Please, could you print all the lines below exactly, leaving out the pictures?

* _Data section_:
※
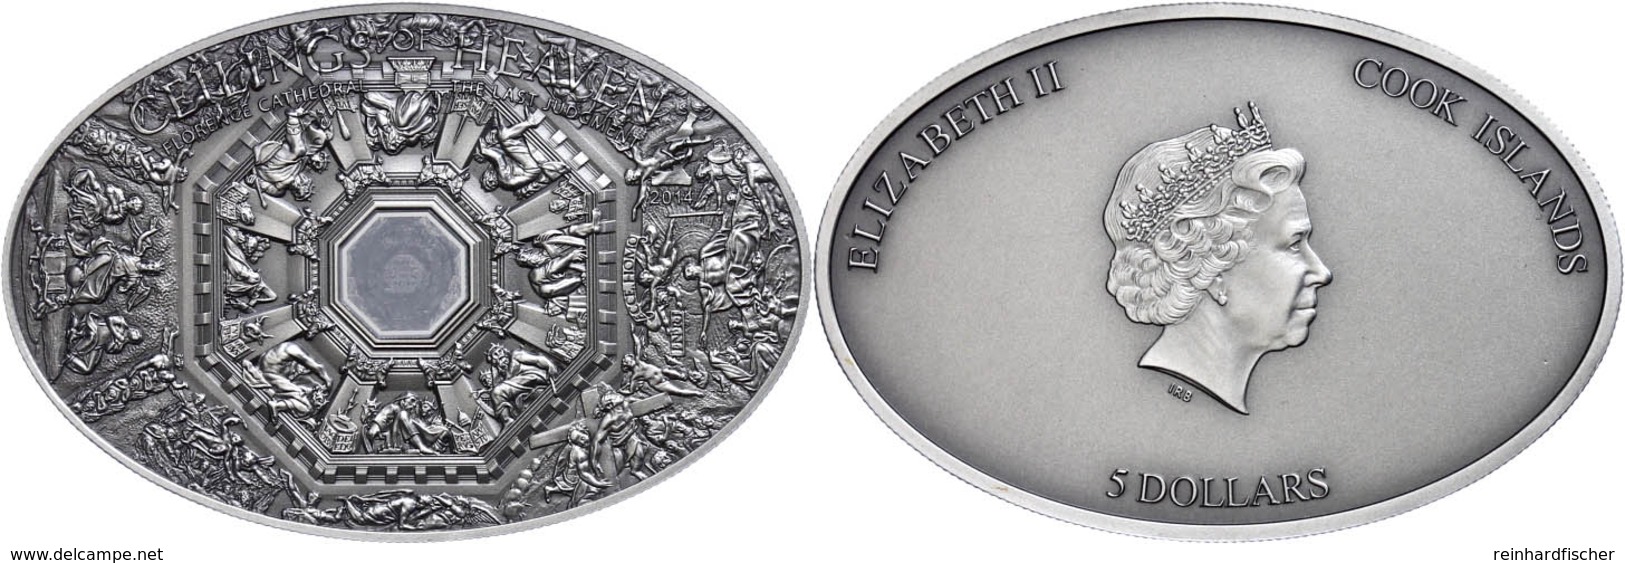 5 Dollars, 2014, Ceilings Of Heaven, Florence Cathedral, 999er Silber, Antik Finish, Stein, In Kapsel Mit Zertifikat, St - Cook Islands
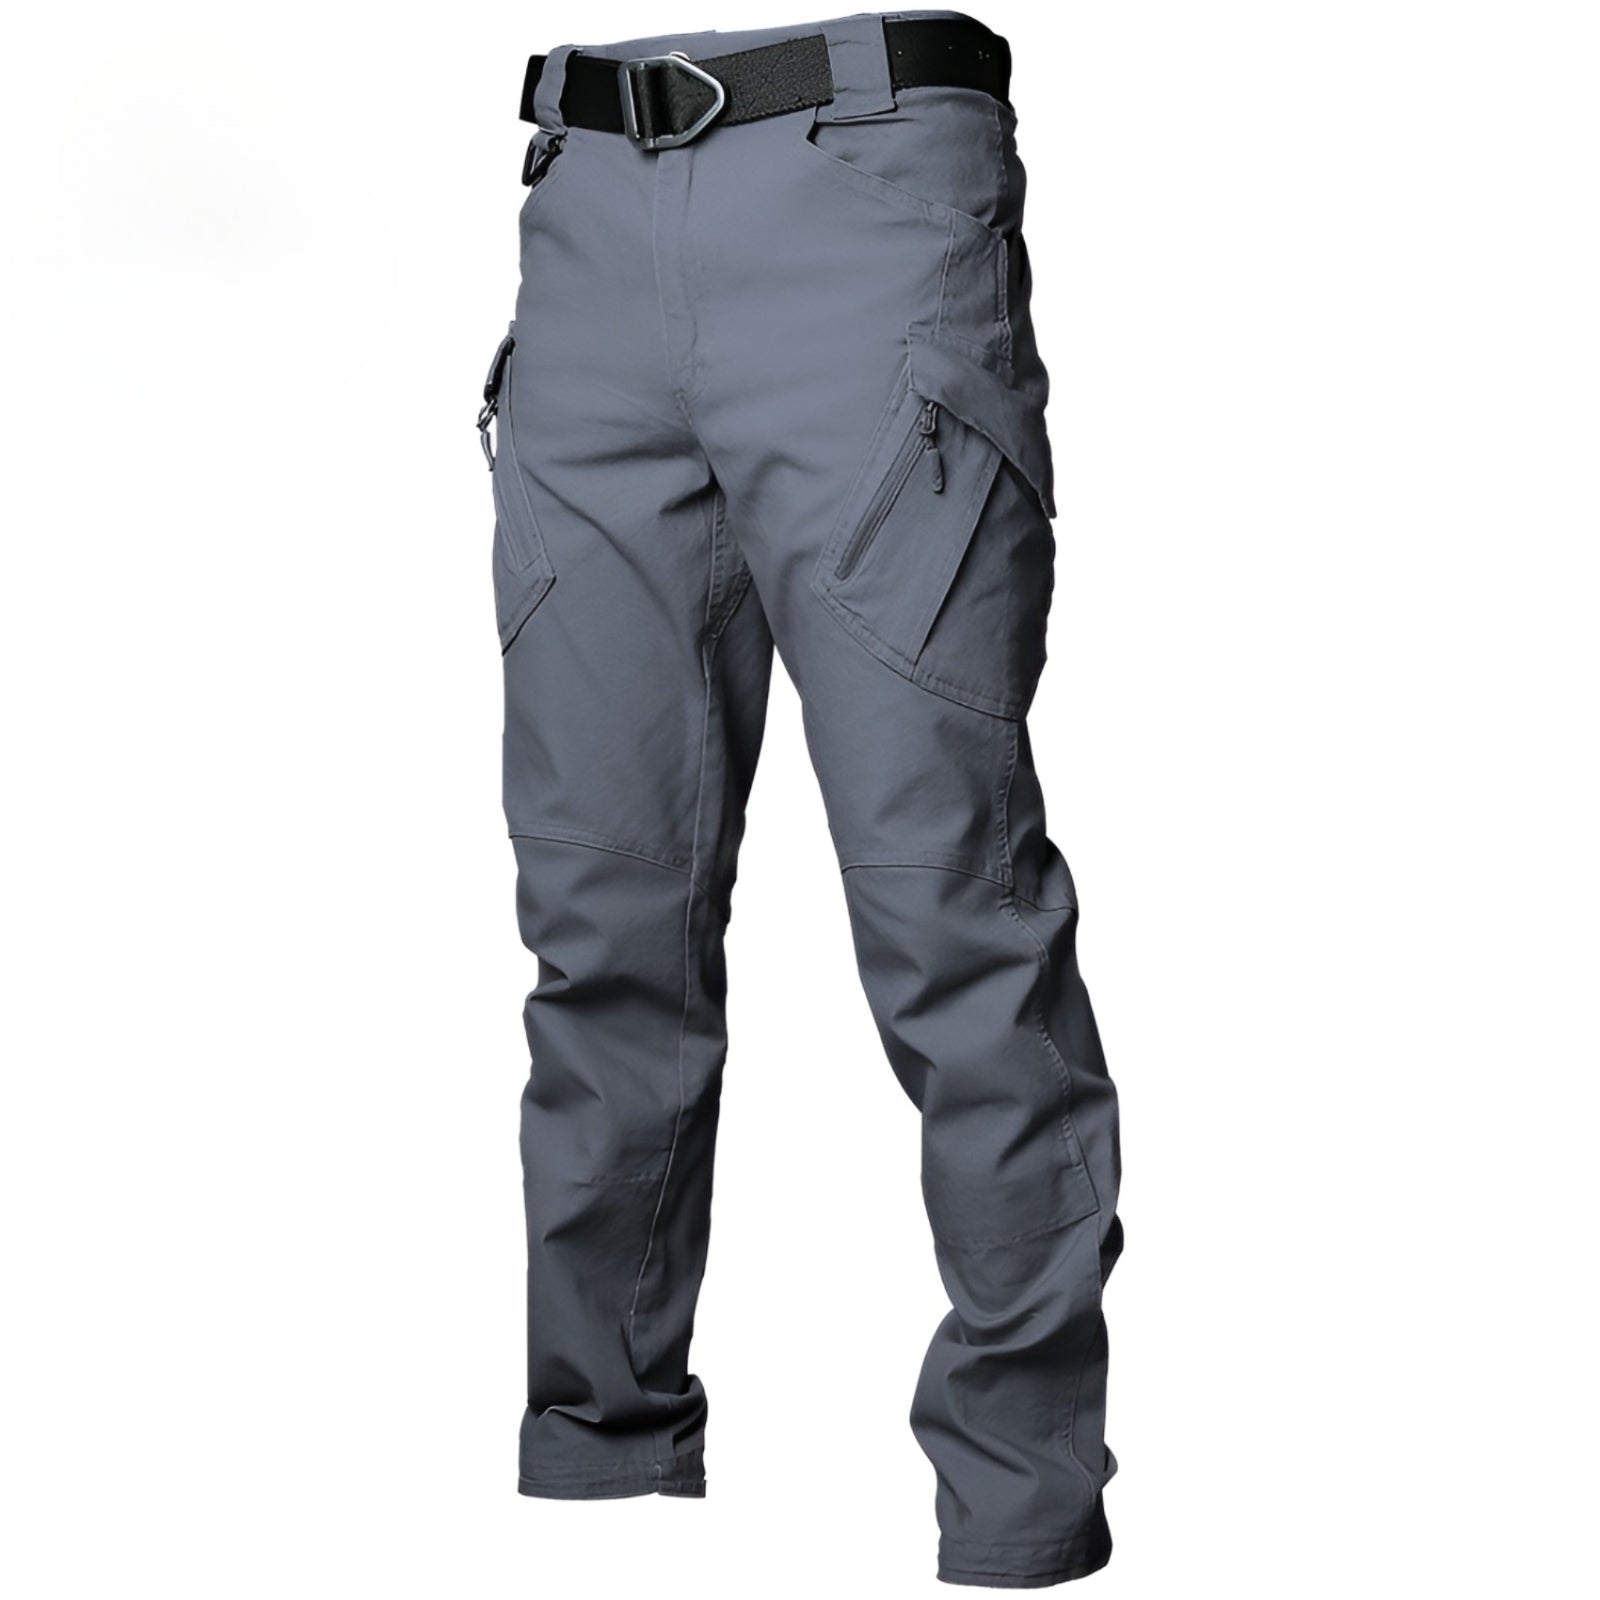 Military Tactical Pants For Men Black Multi Pocket Work Clothes For Combat,  Police, And Casual Wear W0325 From Mengyang04, $23.12 | DHgate.Com
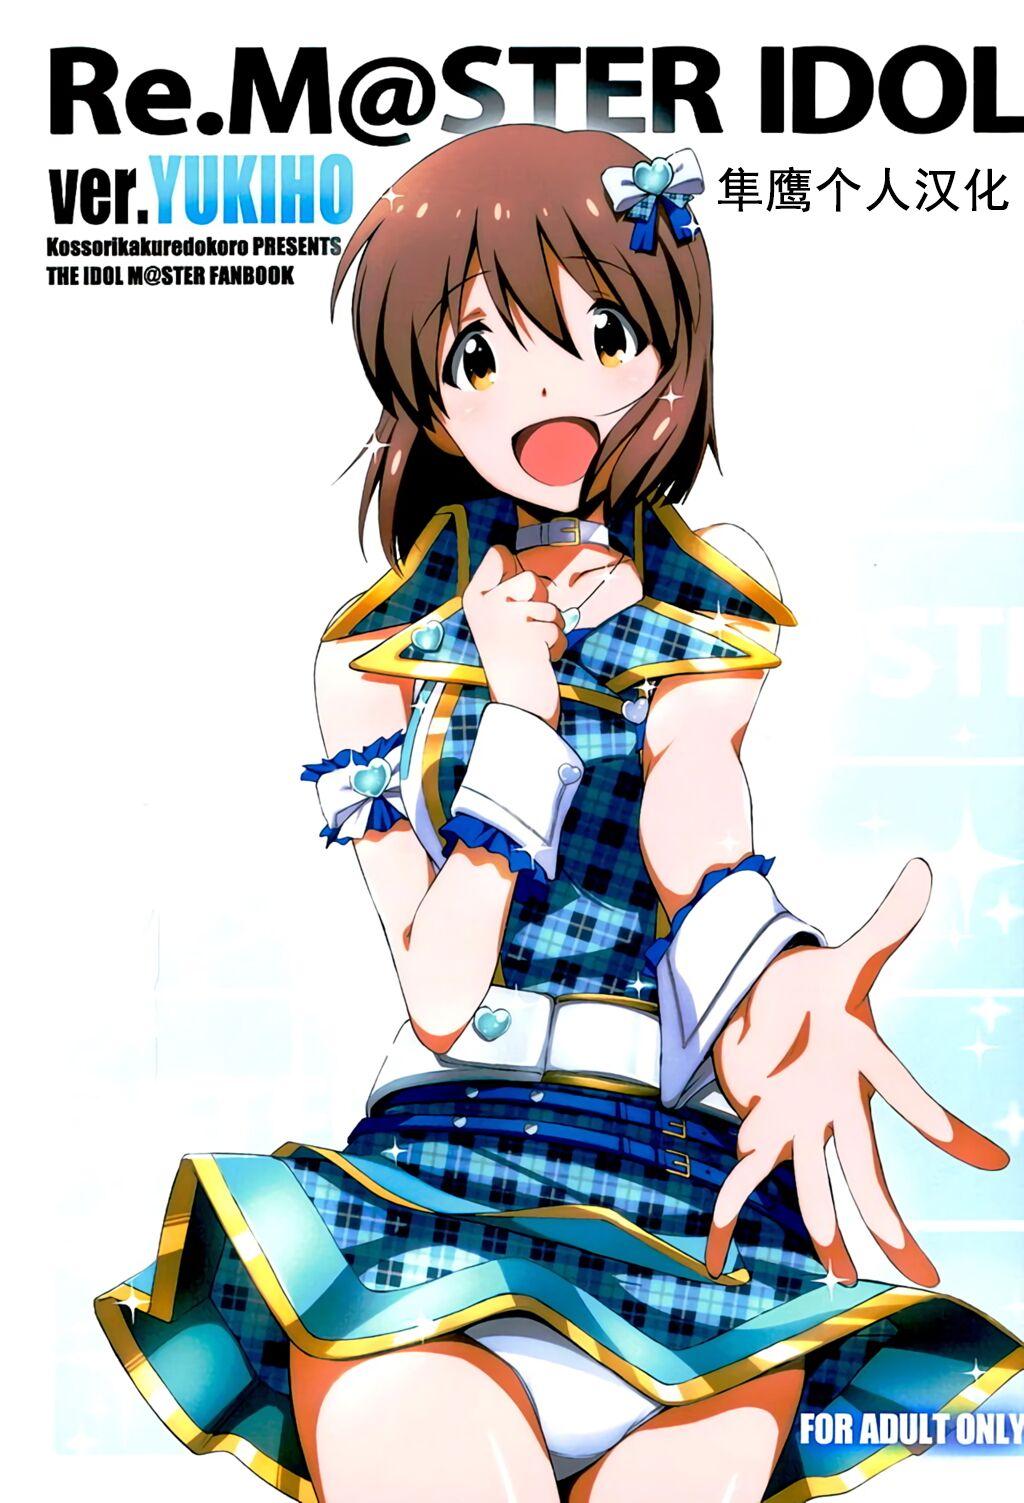 Jerkoff Re:M@STER IDOL ver.YUKIHO - The idolmaster Slutty - Page 1
※
* _Answer section_:
 5 Dollars, 2014, Ceilings Of Heaven, Florence Cathedral, 999er Silber, Antik Finish, Stein, In Kapsel Mit Zertifikat, St - Cook Islands
 Military Tactical Pants For Men Black Multi Pocket Work Clothes For Combat,  Police, And Casual Wear W0325 From Mengyang04, $23.12 | DHgate.Com
 Jerkoff Re:M@STER IDOL ver.YUKIHO - The idolmaster Slutty - Page 1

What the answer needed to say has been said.